Мы сразу же заговорили о том, что я буду писать, — так, будто я уже не первый год пишу прозу и все дело в том, какую избрать тему. Но до той поры я пробовал писать драмы и публиковал театроведческие книги и статьи. Не проведи я два года в редакции «Нового мира», я не решился бы писать прозу. Прозой, литературой для меня оставались бы только книги классиков, как это и было летом 1946 года, когда Александр Корнейчук озадачил меня, предложив написать заявление о приеме в Союз писателей. Я знал, как редактируются, как пишутся и переписываются пьесы, но рождение рассказа или повести оставалось для меня таинством. «Новый мир» спустил меня с небес на грешную землю. Здесь мне случилось терпеливо «вытаскивать», помогая автору, наивную, добрую по намерениям, но слабую повесть «Золототысячник», вскоре отмеченную Сталинской премией; здесь я редактировал «Трое в серых шинелях», наблюдая энергичную профессиональную редактуру рукописей прозы опытным А. М. Дроздовым. Особенно же меня поразило то, с какой живостью и сноровкой откликался на требования редактора Павел Шебунин, автор военного романа, печатавшегося тогда у нас.
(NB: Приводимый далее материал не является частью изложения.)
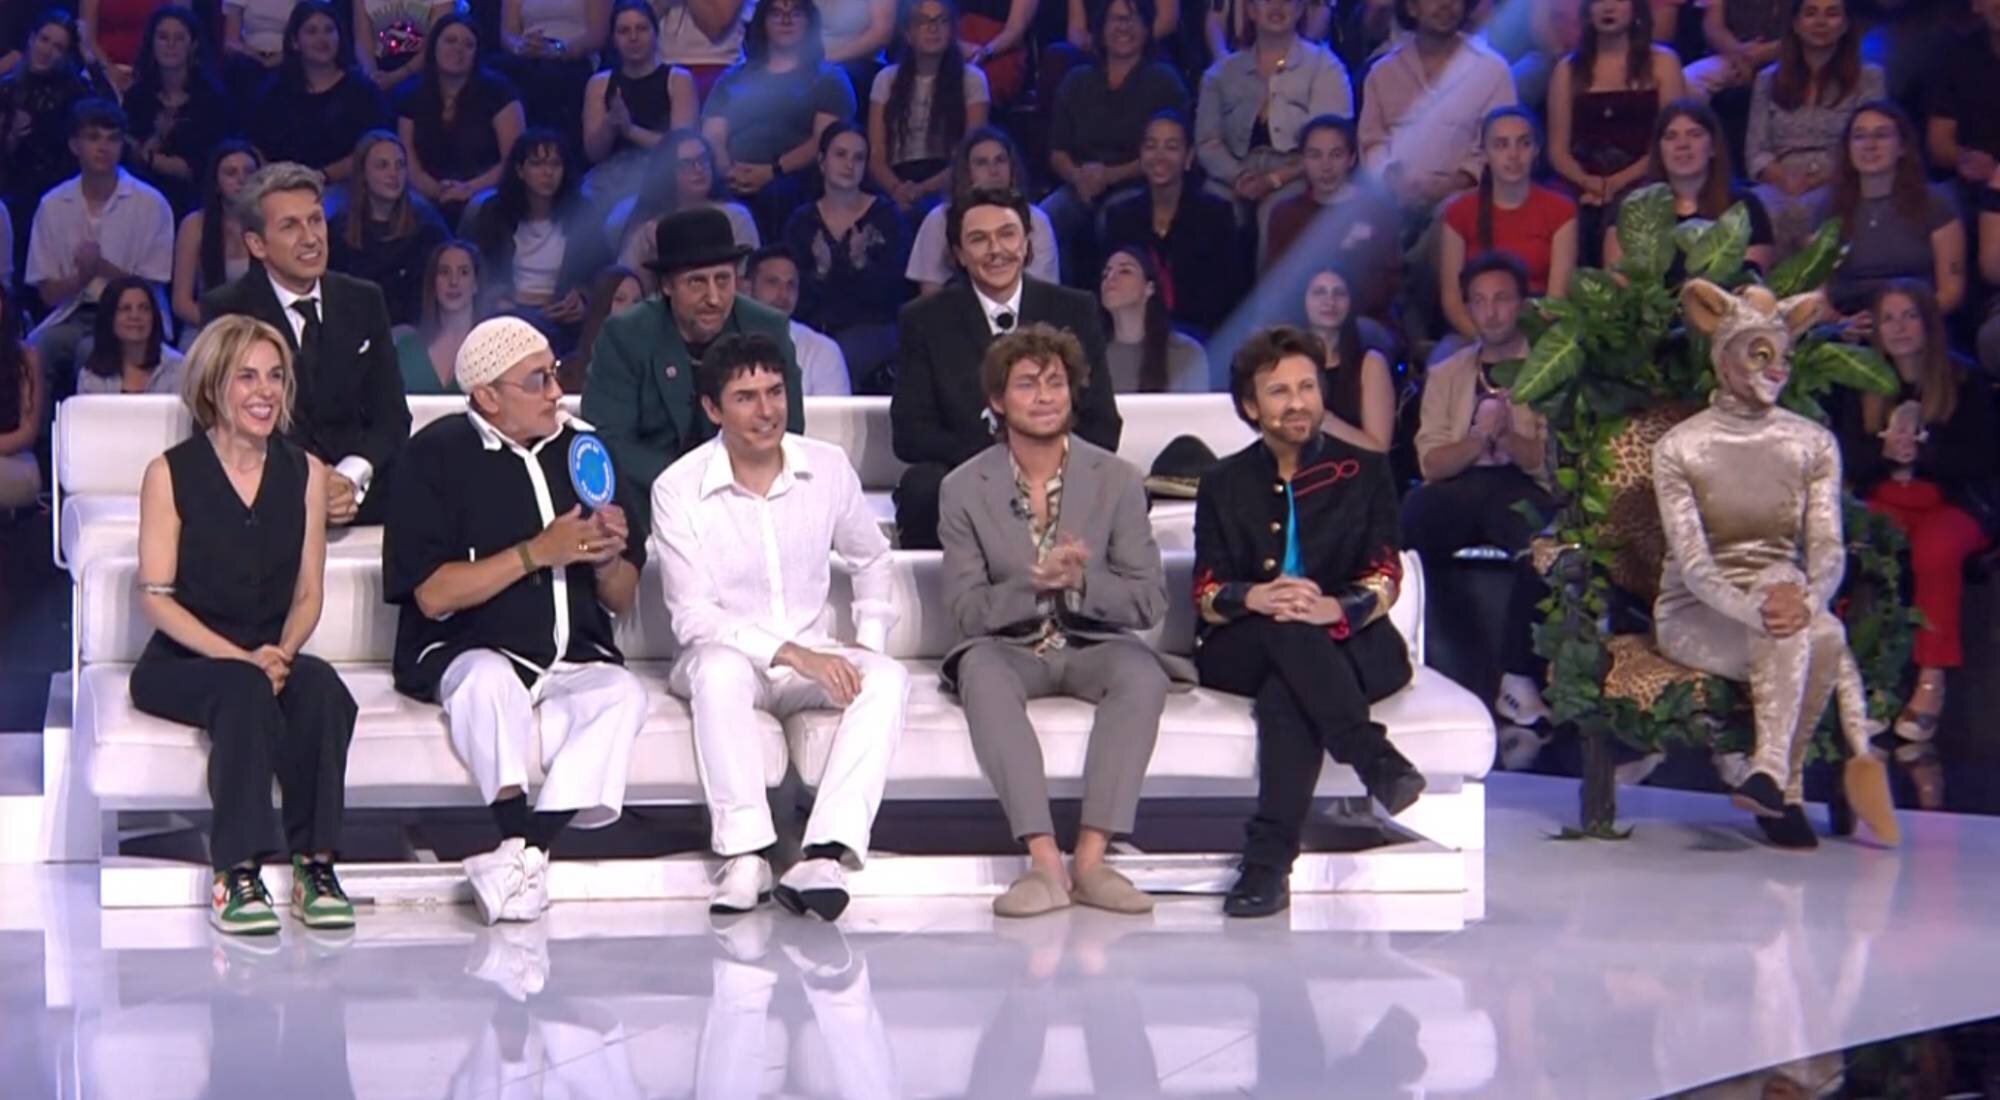 Los concursantes de 'Tu cara me suena 11', a excepción de Valeria Ros, junto a David Fernández en la gala 11

Он писал новые сцены, главы, страницы, и я видел, как это делается, постиг ремесленную подоплеку труда прозаика, понял, что и прозаические «горшки» обжигают не боги, получал, увы, не самые похвальные, но профессиональные уроки. И подумалось, что и я мог бы написать нечто удобочитаемое — не роман, не повесть, а живой очерк.
Но о чем очерк?
Третий год влекла меня одна тема. Я подступался к ней как киносценарист, написал для «Мосфильма» сценарий под утомительным названием «Дороги, пройденные дважды». На обеде у Симонова, когда он знакомил меня с Фадеевым, Александр Александрович спросил, чем я занят, над чем работаю. И я, изменив театральным пристрастиям, забыв о театроведческих планах заговорил вдруг о мосфильмовском сценарии, не о сценарии даже, а о недавней жизни, о двухлетней эпопее эвакуации сначала в Калмыкию, а затем на берега реки Урал украинского колхоза из Синельниковского района на Днепропетровщине. В начале войны колхозники угнали от наступавших гитлеровцев племенной скот колхозное стадо и большой табун, снялись с места и за два года — с зимовкой в Калмыкии — прошли поистине эпический путь по вздыбленной войной земле. Приехав в этот колхоз весной 1946 года, я слушал и записывал, открывшаяся мне завершенная эпопея героического исхода крестьянской артели ошеломила меня. Все увиденное мною самим на военных дорогах от Равы-Русской до Сталинграда колхозные обозы, медлительные телеги, тревожное ночное военной поры, нужда, беды, чужие случайно увиденные драмы, прифронтовые госпитали, разбитые бомбами станции, — все собиралось воедино, обретало в мыслях цельность и высший смысл. Я записывал и записывал, предчувствуя, что все это не умрет во мне.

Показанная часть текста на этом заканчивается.